The Estate of John W. Dempster argues that Mercer's appeal should be dismissed because she untimely filed her appeal. CR 73.02(1)(a) provides that "[t]he notice of appeal shall be filed within 30 days after the date of notation of service of the judgment or order under Rule 77.04(2)." Our Supreme Court has noted that "[i]t has been and still is the policy of this court to be rather strict in the enforcement of time requirements prescribed by the rules of procedure." Louisville Mem'l Gardens v. Com. Dep't of Transp., 579 S.W.2d 618, 619 (Ky. 1979). The circuit court's judgment in this case was entered on October 5, 2015. Mercer filed her notice of appeal on November 4, 2015, exactly 30 days later. We decline to dismiss Mercer's appeal on this basis.

II. Failure to Name an Indispensable Party

The Estate of John W. Dempster has also argued that Mercer's appeal should be dismissed for her failure to join an indispensable party, John W. Dempster Revocable Living Trust.

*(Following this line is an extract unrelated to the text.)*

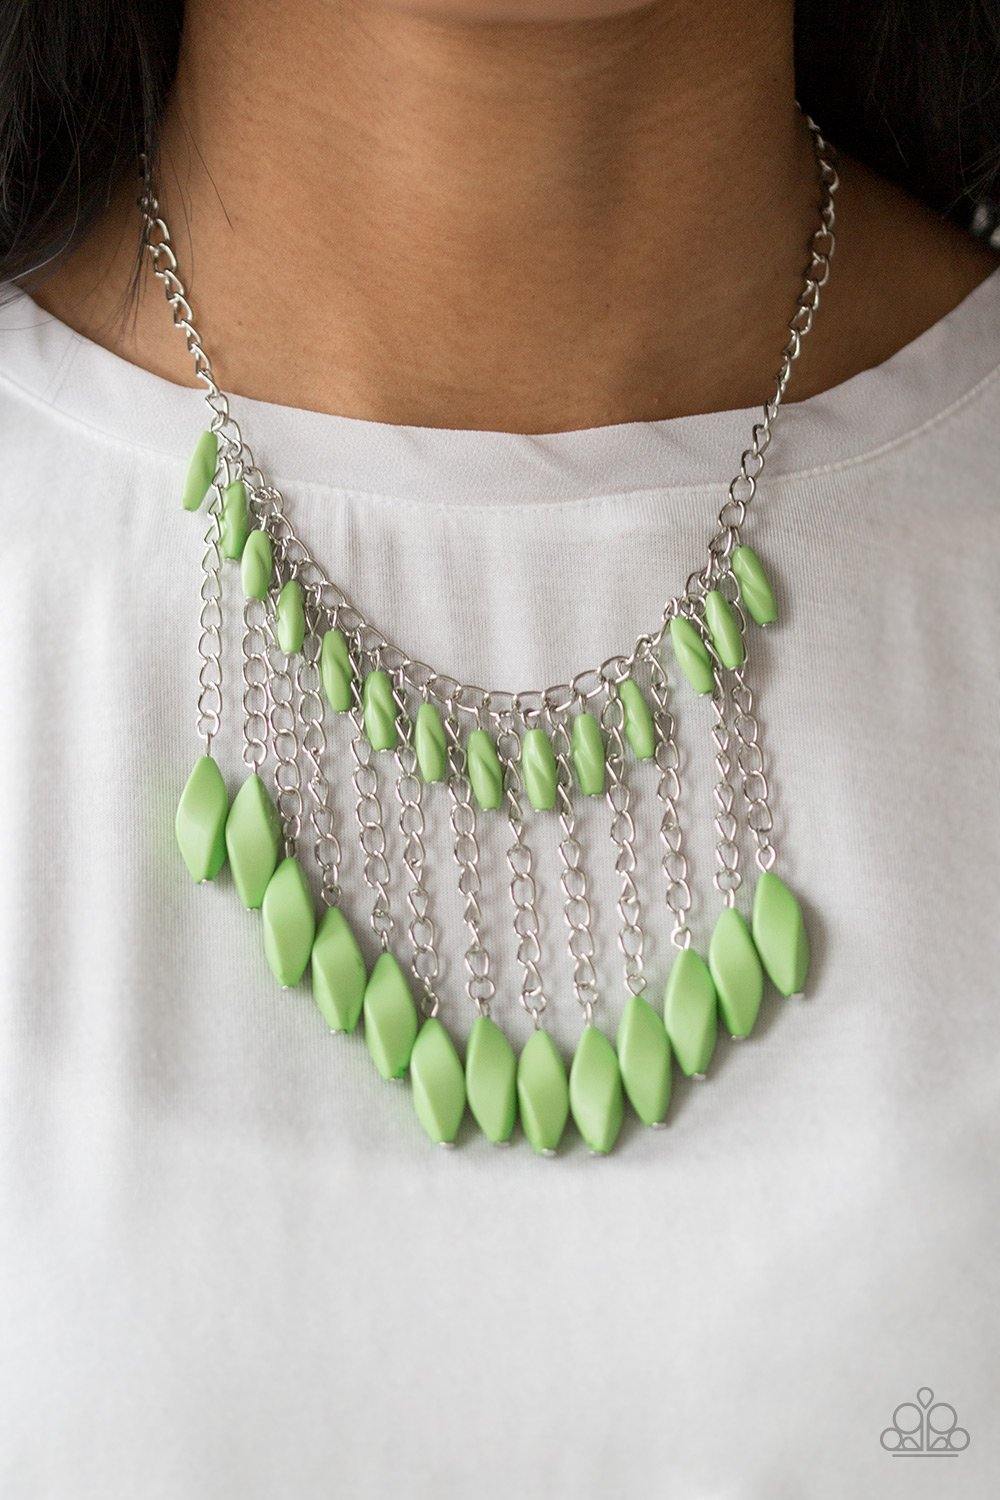 Venturous Vibes - Green Necklace - Paparazzi Accessories - Sassysblingandthings

The only appellee named on her notice of appeal was the Estate of John W. Dempster.

Unlike proceedings in the trial courts, where failure to name an indispensable party may be remedied by a timely amendment to the complaint, under the appellate civil rules, failure to name an indispensable party in the notice of appeal is a jurisdictional defect that cannot be remedied after the thirty-day period for filing a notice of appeal as provided by CR 73.02.
Liquor World of Corbin, LLC v. Commonwealth Dep't of Alcoholic Beverage Control, 458 S.W.3d 814, 817 (Ky. App. 2014) (quoting Browning v. Preece, 392 S.W.3d 388, 391 (Ky. 2013)). "[A]n indispensable party is defined as a party 'whose absence prevents the Court from granting complete relief among those already parties.'" Browning v. Preece, 392 S.W.3d 388, 391 (Ky. 2013) (quoting Milligan v. Schenley Distillers, Inc., 584 S.W.2d 751, 753 (Ky. App. 1979)).

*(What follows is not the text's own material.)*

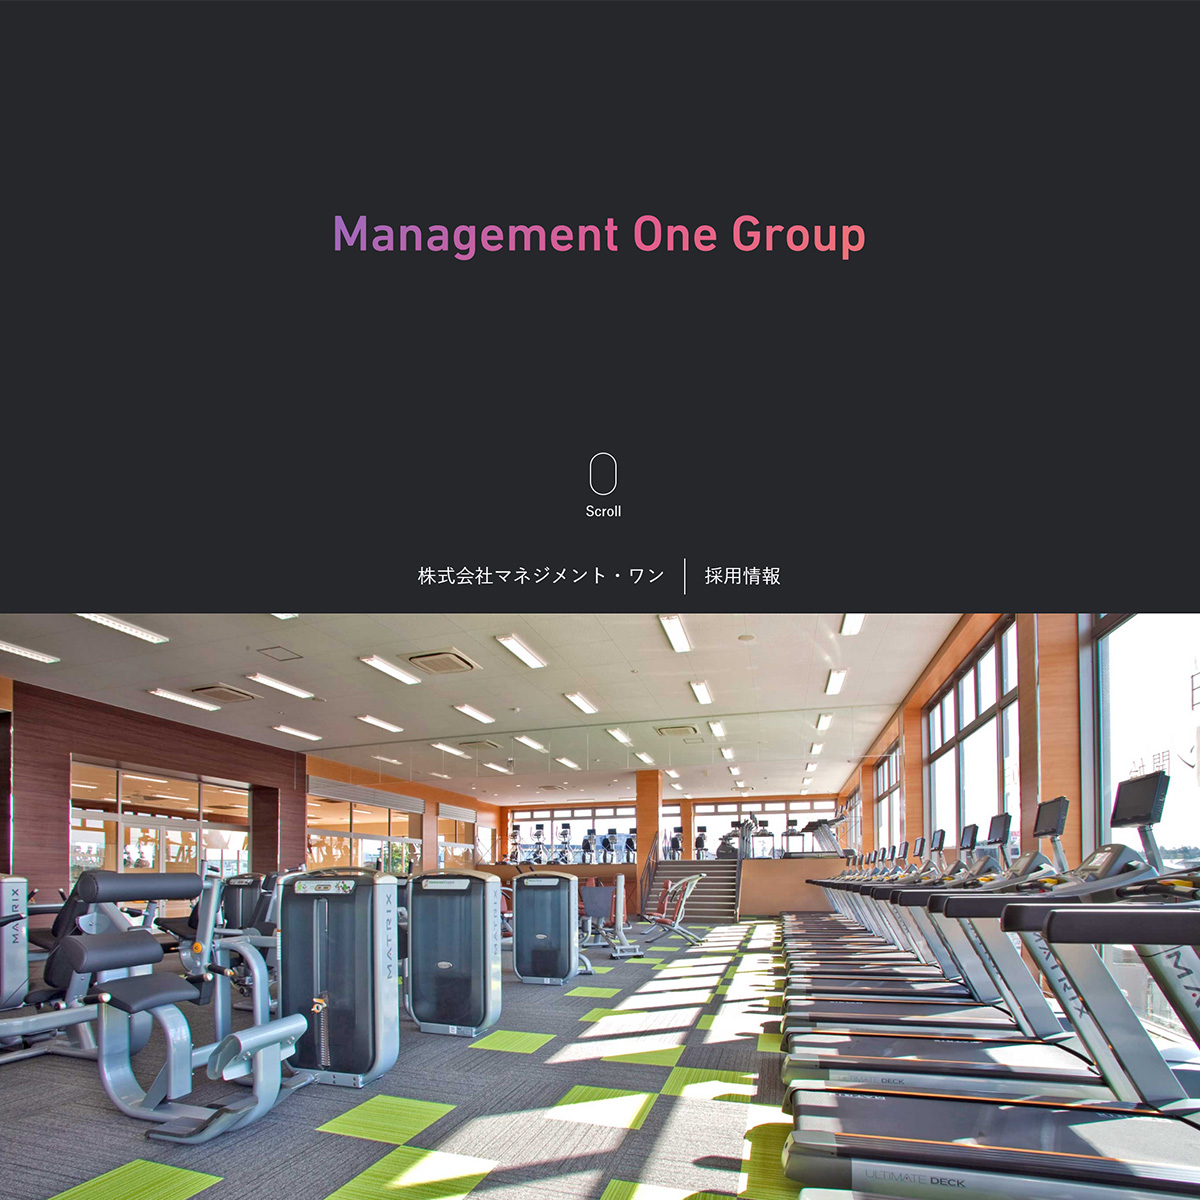 Management One Group

Our review of the record demonstrates, however, that the estate and the trust in this appeal consisted of the same parties. Our Supreme Court has stated that "our policy of substantial compliance ensures the survival of an appeal despite clerical errors when no prejudice results from those errors and notice is sufficiently conveyed to the necessary parties." Flick v. Estate of Wittich, 396 S.W.3d 816, 824 (Ky. 2013). Because it appears that the Estate of John W. Dempster and the John W. Dempster Revocable Living Trust were actually the same entity, there could be no prejudice by Mercer's omission of the John W. Dempster Revocable Living Trust. Therefore, we decline to dismiss the appeal as to this issue.

III. Amount of Damages

Although Mercer discusses many different topics in her appeal, we believe that she only actually raises one legal argument. "It is not our function as an appellate court to research and construct a party's legal arguments[.]" Hadley v. Citizen Deposit Bank, 186 S.W.3d 754, 759 (Ky. App. 2005). She has, however, cited no legal authority to support it. "Our courts have established that an alleged error may be deemed waived where an appellant fails to cite any authority in support of the issues and arguments advanced on appeal." Drummond v. Todd Cty. Bd. of Educ., 349 S.W.3d 316, 325 (Ky. App. 2011) (quoting Hadley, 186 S.W.3d at 759). Regardless, due to the amount of punitive damages levied against Mercer in this case, we will address that argument now.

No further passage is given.